Напомню – и это принципиально важно: ни в «Норд-Осте», ни в Беслане
приглашение Масхадова или его представителей не было требованием
террористов – оно было инициативой власти.
Требования террористов в обоих случаях были глобально-неопределенны
и потому заведомо невыполнимы. Власть вновь оказалась перед мучительной
дилеммой: что важнее – спасение заложников или уничтожение террористов.
Идея пригласить Масхадова и дать ему – военному
противнику, врагу – шанс спасти наших заложников означала экзистенциальный
прорыв из замкнутого круга, обрекавшего на смерть сотни людей, и
переводила проблему в совершенно другое измерение.
Во времена «Норд-Оста» она вообще не влекла за
собой никаких репутационных потерь для власти. На тот момент существовала
официальная переговорная структура «Виктор Казанцев – Ахмед Закаев»,
в рамках которой мог быть решен вопрос о приезде Масхадова. Казанцев
и Закаев неоднократно встречались, в том числе и в Москве.
Идея самым серьезным образом обсуждалась параллельно
с другими вариантами действий на самом высоком уровне несколько
часов. С ее возможной реализацией был связан и намеченный на утро
приезд в Москву Виктора Казанцева. Ночью, однако, возобладал другой
подход. Видимо, силовикам удалось убедить Путина, что их газовая
атака не приведет к гибели заложников. А если бы заложников спас
Масхадов, это, конечно, привело бы к его дальнейшей легитимизации,
что одинаково не устраивало ни силовиков, ни связавшего себя знаменитым
«мочить в сортире» и ставшего в значительной степени заложником
своей риторики президента.
Ситуация в Беслане повторилась. Ахмед Закаев,
до «Норд-Оста» легитимный партнер по переговорам, был к тому времени
уже объявлен преступником, выдачи которого Москва добивалась. Но
именно к нему власть обратилась с той же просьбой – помочь освободить
заложников.
В 12.00 3 сентября Закаев позвонил в штаб по освобождению
заложников и подтвердил готовность Аслана Масхадова прибыть в Беслан
при предоставлении ему гарантий безопасности. Детали договорились
согласовать в 14.00. В 13.05 произошло то, что произошло.

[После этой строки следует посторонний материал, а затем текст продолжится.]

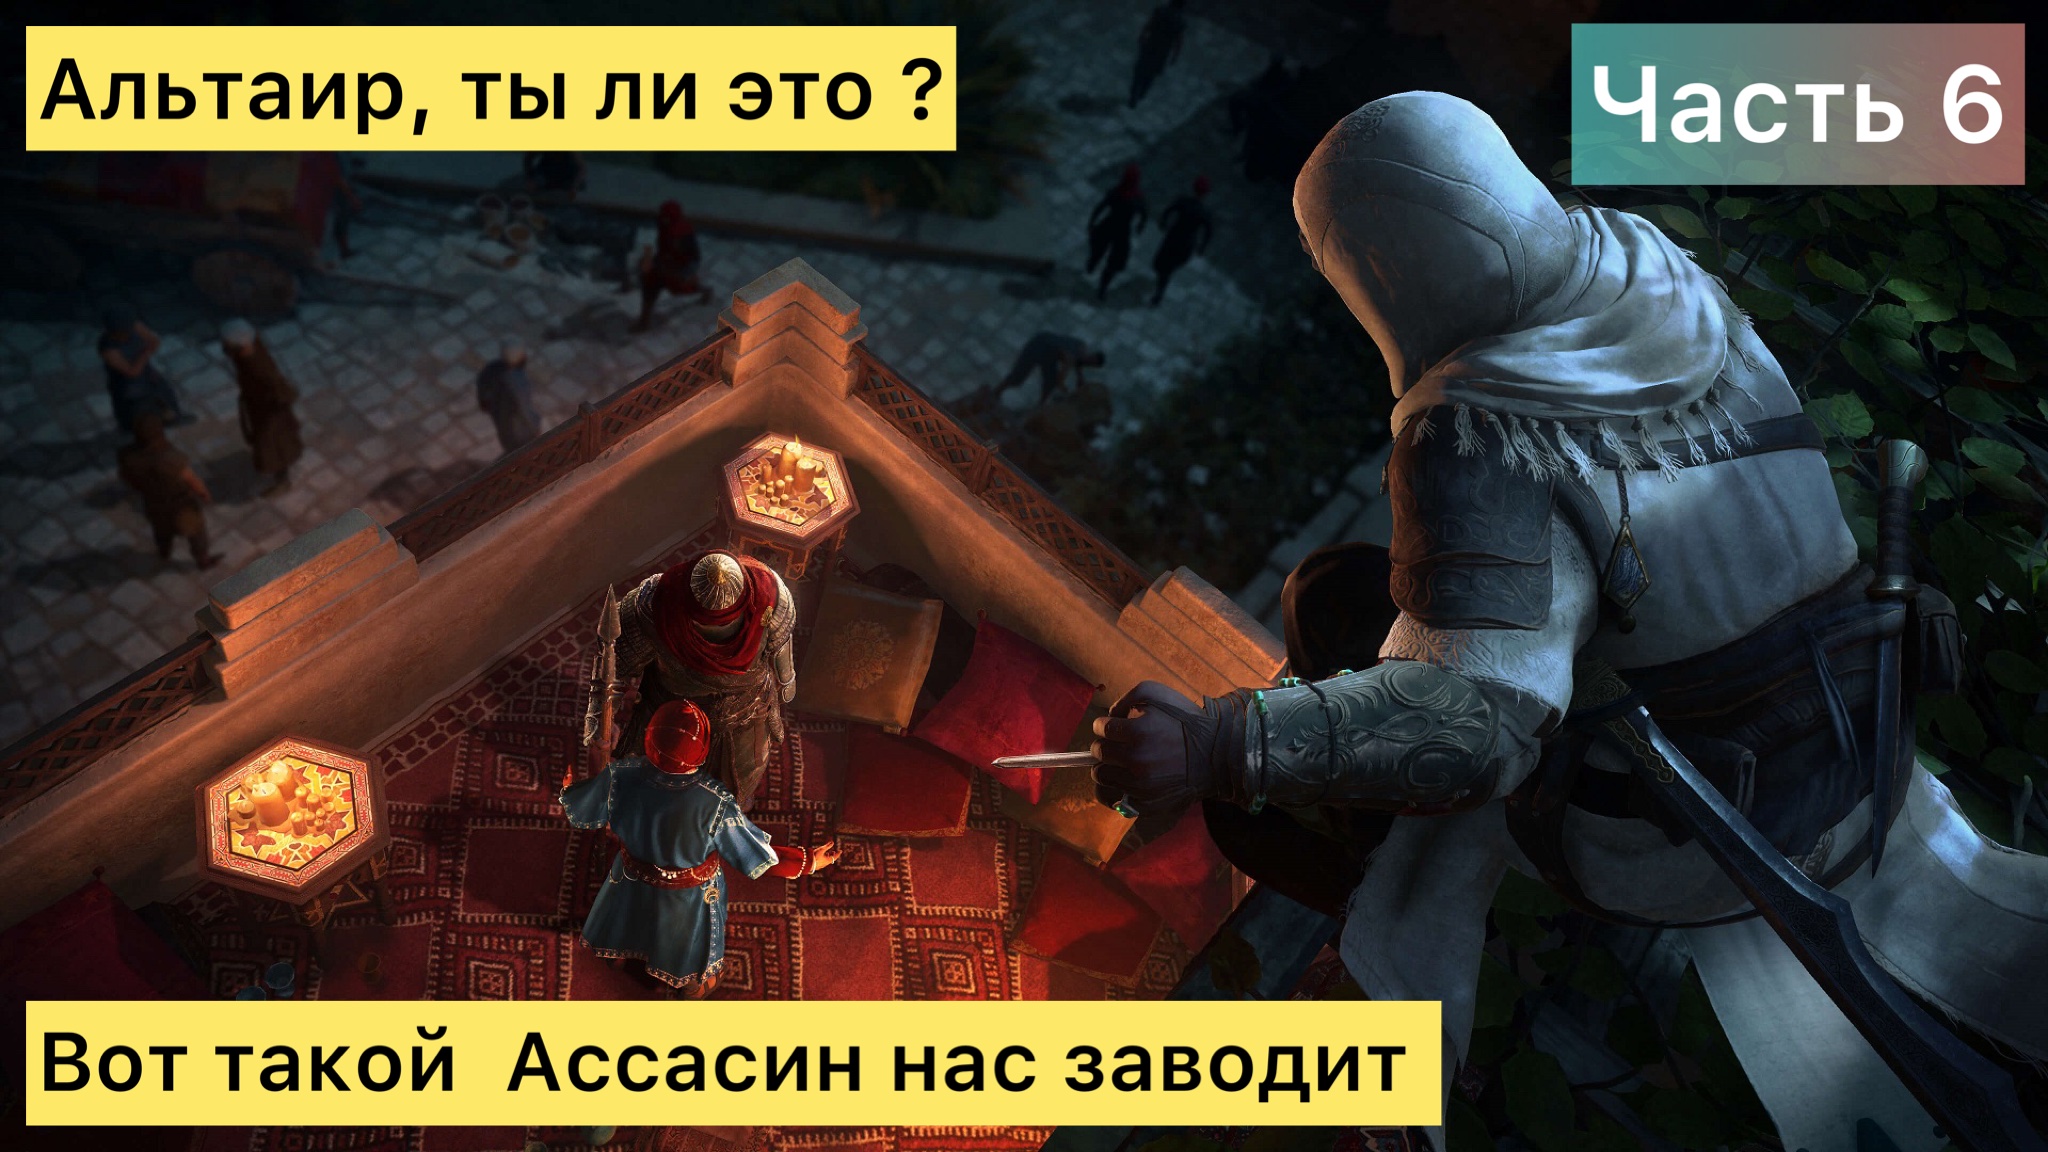 Assassin’s Creed Mirage "Восточный мотив" - 6 часть

Я убежден, что в бесланском кризисе Владимир Путин
был гораздо ближе к варианту с использованием Масхадова. Он обсуждался
в течение несколько дней. Вечером 2 сентября Путин публично, на
камеру, сделал удивительное для него, всеми почему-то сегодня забытое
заявление, в котором очень твердо подчеркнул, что безусловным приоритетом
в разрешении бесланского кризиса является спасение жизни детей.
Ничем иным кроме как подготовкой общественного мнения к единственному
спасительному шагу оно быть не могло.
Меня часто упрекают в демонизации Путина. Это
не так. Будучи его политическим противником, я никогда не отрицал
его достоинств, патриотизма, например. Вот что я писал в сентябре
2001 года в «Новой газете»:
«В. Путин знает правду о своем восхождении, и
о том, кто его привел к власти, и о том, какую роль в операции «Наследник»

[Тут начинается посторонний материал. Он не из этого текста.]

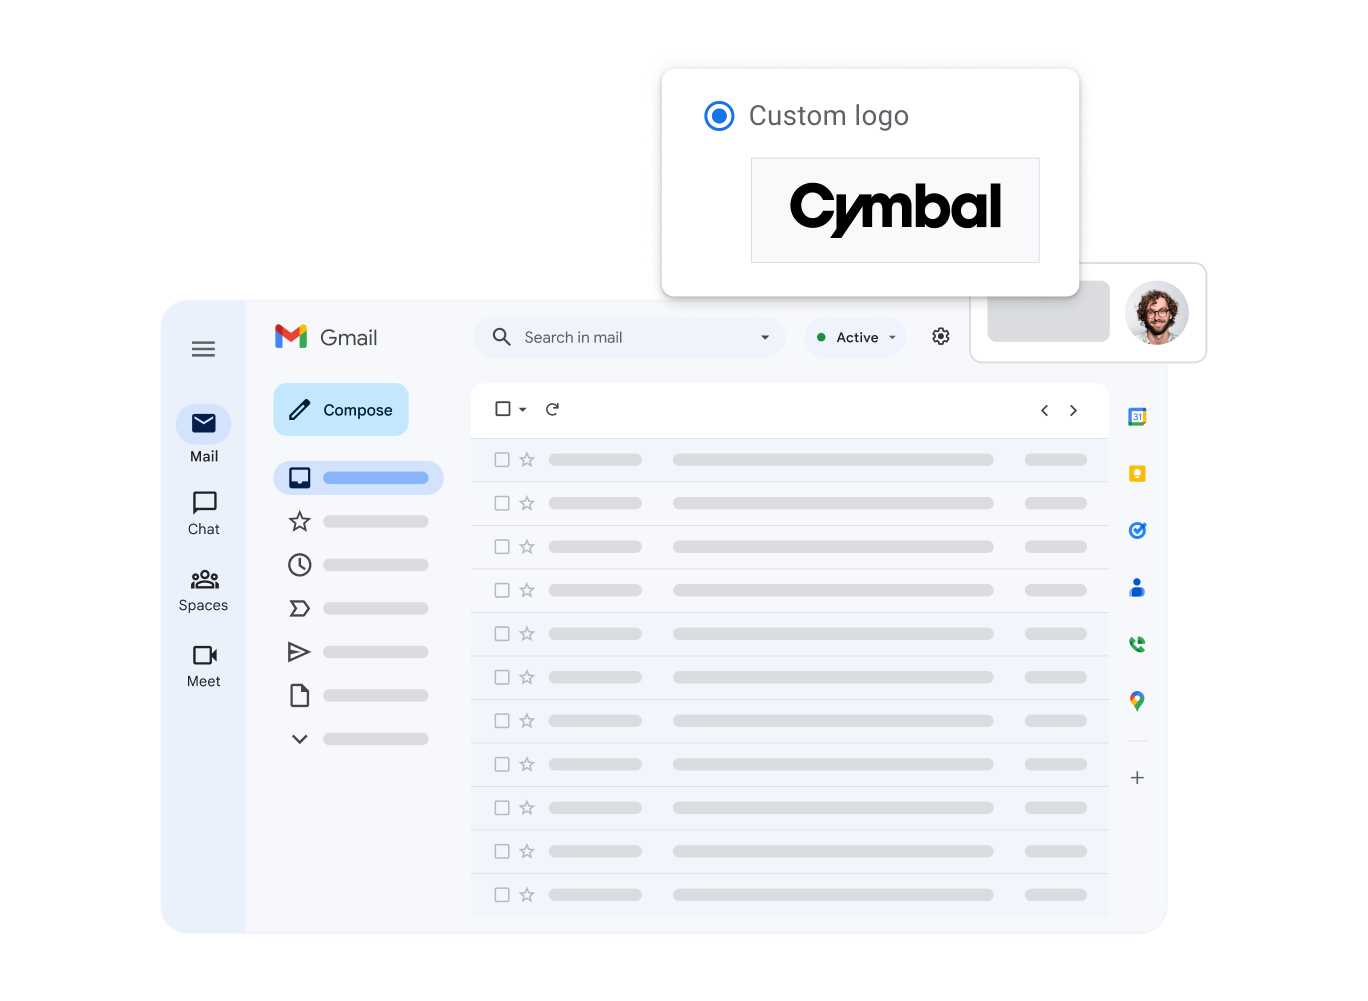 Eine stilisierte Ansicht der Gmail-Oberfläche mit dem benutzerdefinierten Logo des Kundenunternehmens im Vordergrund

играла чеченская война, поход Басаева в Дагестан, взрывы в Москве,
«учения» в Рязани. Если чего-то не знал, то уже догадывается.
Для офицера и патриота России, каковым он безусловно
является, эта правда мучительна и невыносима. Он гонит ее, накладывает
на нее табу, вытесняет в подсознание.
И по всем законам психоанализа она вырывается
оттуда в его взрывных неадекватных реакциях всякий раз, когда речь
заходит о Чечне.
Это личная человеческая драма Владимира Владимировича
Путина. И эта трагедия страны, которую он возглавляет».

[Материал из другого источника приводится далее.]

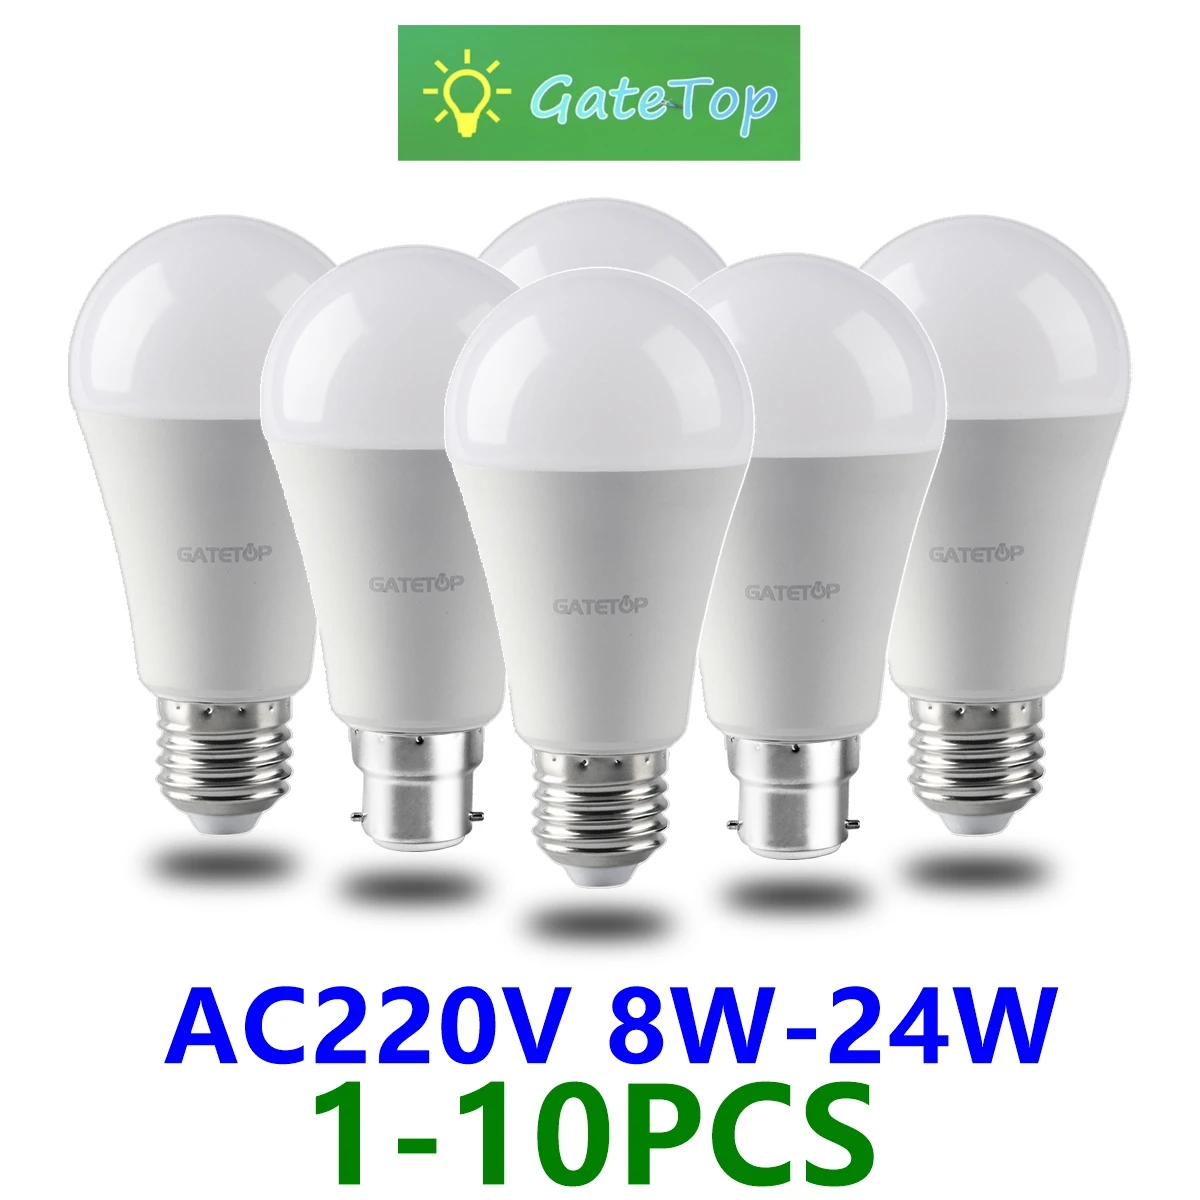 

1-10PCS Led Bulb Lamps Light Real Power AC220V 8W-24W 3000K/4000K/6000K E27 B22 Super Bright Warm White Light Lampada for Home

Когда он уверял зарубежных корреспондентов, что
ни один из заложников «Норд-Оста» не пострадал от применения газа,
он не обманывал их. Он пытался обмануть самого себя. Тогда он тоже
если чего-то и не знал, то уже догадывался, что его обманули. Он
не хотел повторения того же исхода в Беслане.
Отдать приказ о штурме было невозможно. И он не
отдал его. Без его санкции никто бы не отважился звонить Закаеву.
Но его подчиненные нашли спасительный для себя и, как им казалось,
для него вариант.
Необъявленный штурм, случайный штурм, вынужденный
штурм. И никаких Масхадовых. И никаких заложников. Слишком многих
это устраивало. В том числе и негодяя, организовавшего Беслан, –
Шамиля Басаева. Тому совершенно не нужен был спасший заложников
и тем самым легимитизировавший себя в значительной степени и в Чечне,
и в России Аслан Масхадов. Ему нужен был осетино-ингушский конфликт,
который окончательно взорвал бы Кавказ. Террористы приглашали к
себе, как известно, совсем других людей.
Через несколько дней после трагедии одновременно
появились статьи двух, на мой взгляд, самых ярких и талантливых
российских публицистов – Александра Проханова и Леонида Радзиховского.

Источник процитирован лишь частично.